This example comes from Matplotlib's documentation. I'm running it inside Jupyter Lab. Here I attach the output figure:
import matplotlib.pyplot as plt
import numpy as np
from matplotlib.projections import PolarAxes
from matplotlib.transforms import Affine2D
from mpl_toolkits.axisartist import Axes, HostAxes, angle_helper
from mpl_toolkits.axisartist.grid_helper_curvelinear import \
GridHelperCurveLinear
def curvelinear_test1(fig):
"""
Grid for custom transform.
"""
def tr(x, y): return x, y - x
def inv_tr(x, y): return x, y + x
grid_helper = GridHelperCurveLinear((tr, inv_tr))
ax1 = fig.add_subplot(1, 2, 1, axes_class=Axes, grid_helper=grid_helper)

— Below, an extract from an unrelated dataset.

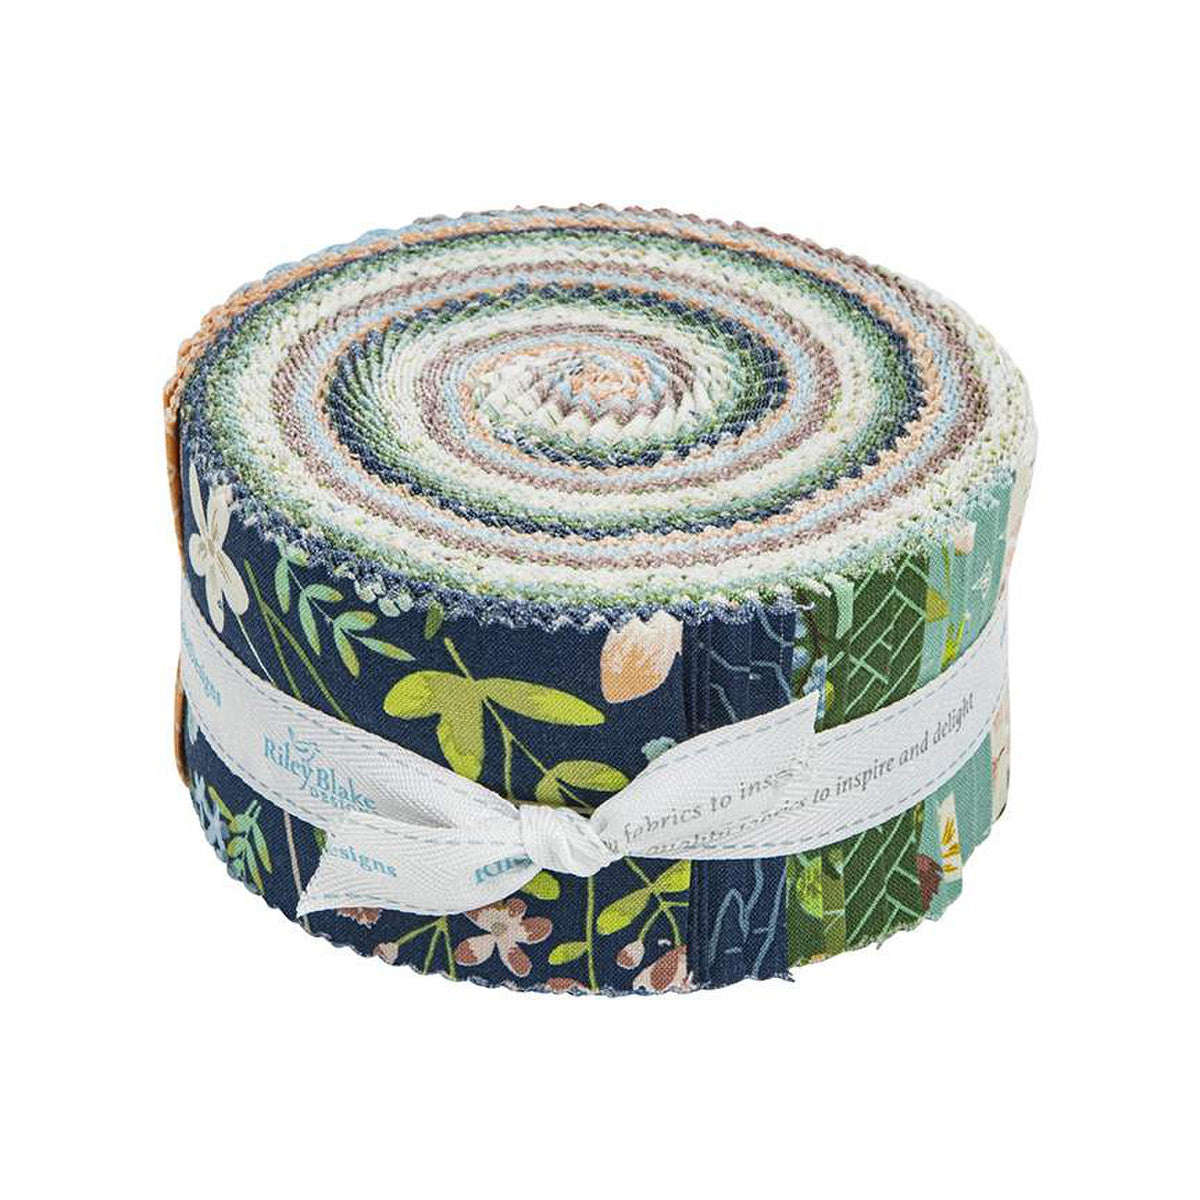 This 2 1/2" Rolie Polie precut bundle includes 40 pieces from the Wildwood Wander collection by Katherine Lenius for Riley Blake Designs. Each print will be included 1-2 times in the bundle.  100% cotton  Width: 2 1/2" Strips

# ax1 will have ticks and gridlines defined by the given transform (+
# transData of the Axes). Note that the transform of the Axes itself
# (i.e., transData) is not affected by the given transform.

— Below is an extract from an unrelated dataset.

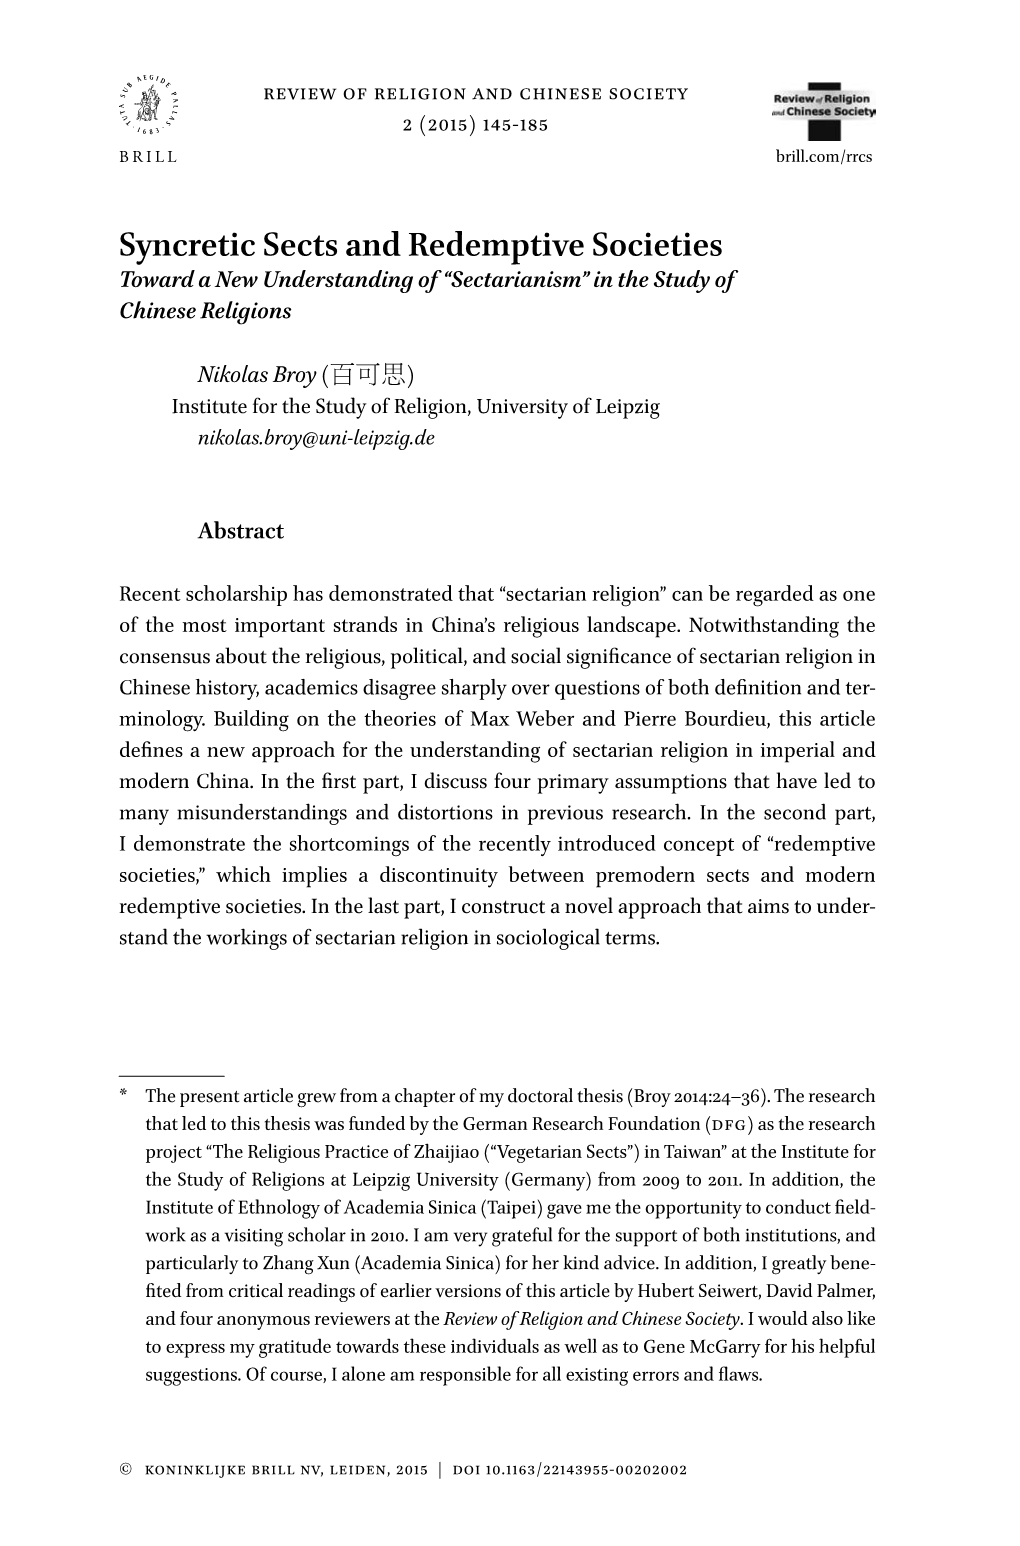 Syncretic Sects and Redemptive Societies Toward a New Understanding of “Sectarianism” in the Study of Chinese Religions

xx, yy = tr(np.array([3, 6]), np.array([5, 10]))
ax1.plot(xx, yy)
ax1.set_aspect(1)
ax1.set_xlim(0, 10)
ax1.set_ylim(0, 10)
ax1.axis["t"] = ax1.new_floating_axis(0, 3)
ax1.axis["t2"] = ax1.new_floating_axis(1, 7)
ax1.grid(True, zorder=0)
fig = plt.figure()
curvelinear_test1(fig)
plt.show()
Note the weird top/bottom margins. Left/Right margins seems ok. If I execute this code inside a standard python interpreter, the picture looks like this:
Here, maybe there is too much top/bottom margin, and definitely too much right margin.

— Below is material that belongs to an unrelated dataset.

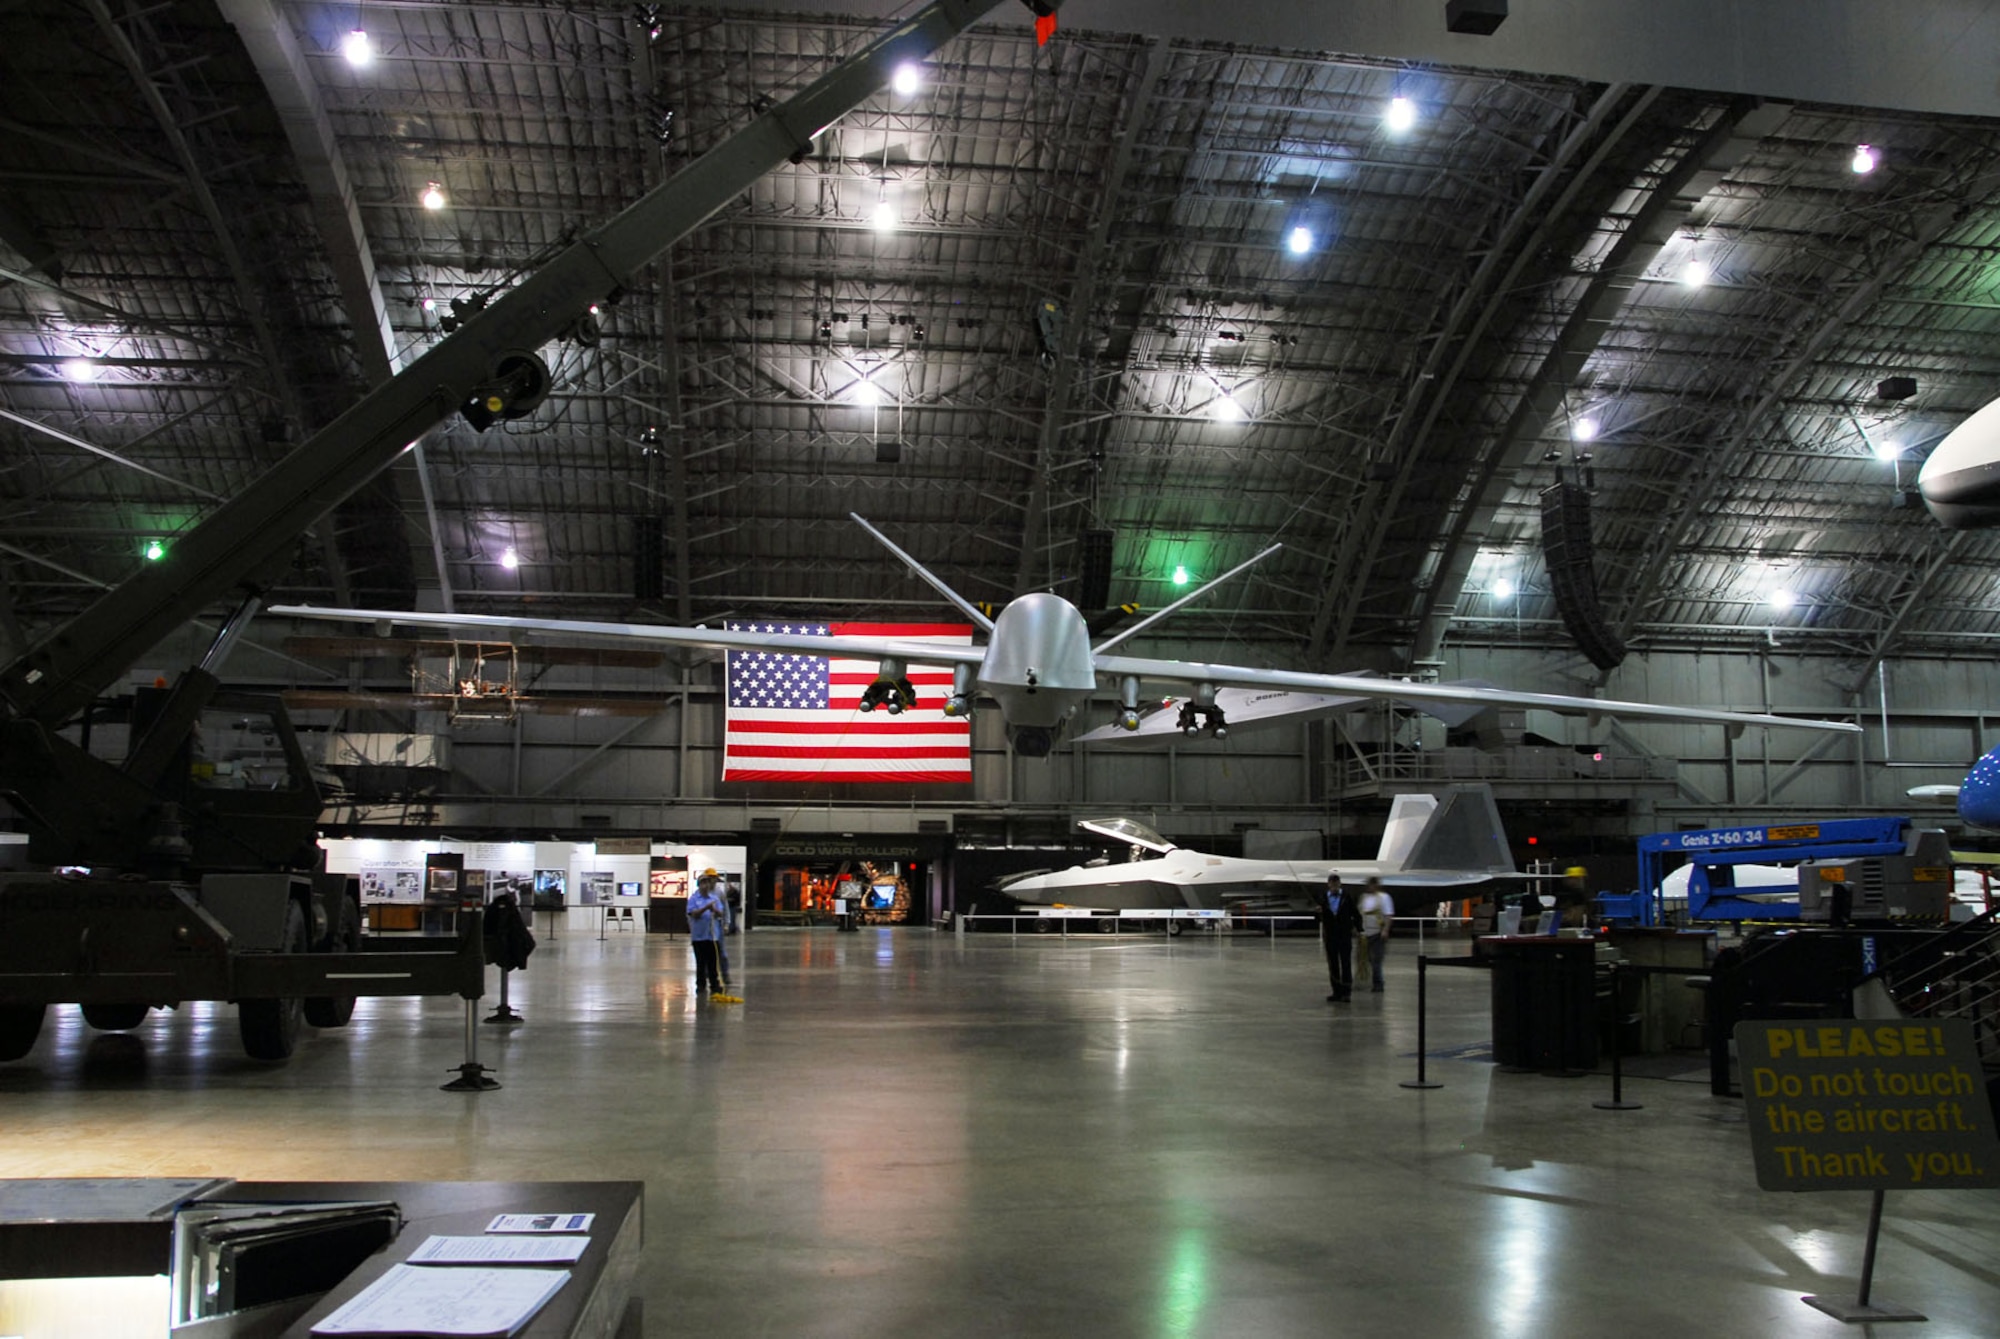 DAYTON, Ohio (01/2010) -- Restoration crews prepare to suspend the YMQ-9 Reaper from the ceiling at the National Museum of the U.S. Air Force. (U.S. Air Force photo)

I've tried plt.tight_layout()
just before plt.show()
, but it does nothing in this case. I've looked at the source code of Axes/HostAxes
but I couln't find anything obvious that would help fix these margins.
What can I try?
Change:
ax1 = fig.add_subplot(1, 2, 1, axes_class=Axes, grid_helper=grid_helper)
to
ax1 = fig.add_subplot(1, 1, 1, axes_class=Axes, grid_helper=grid_helper)
i.e., the Matplotlib example expects you to be adding two axes (with 1 row and 2 columns) but you're only adding one. I'm not sure why in Jupyterlab it looks more like it's trying to add 2 rows and 1 column though!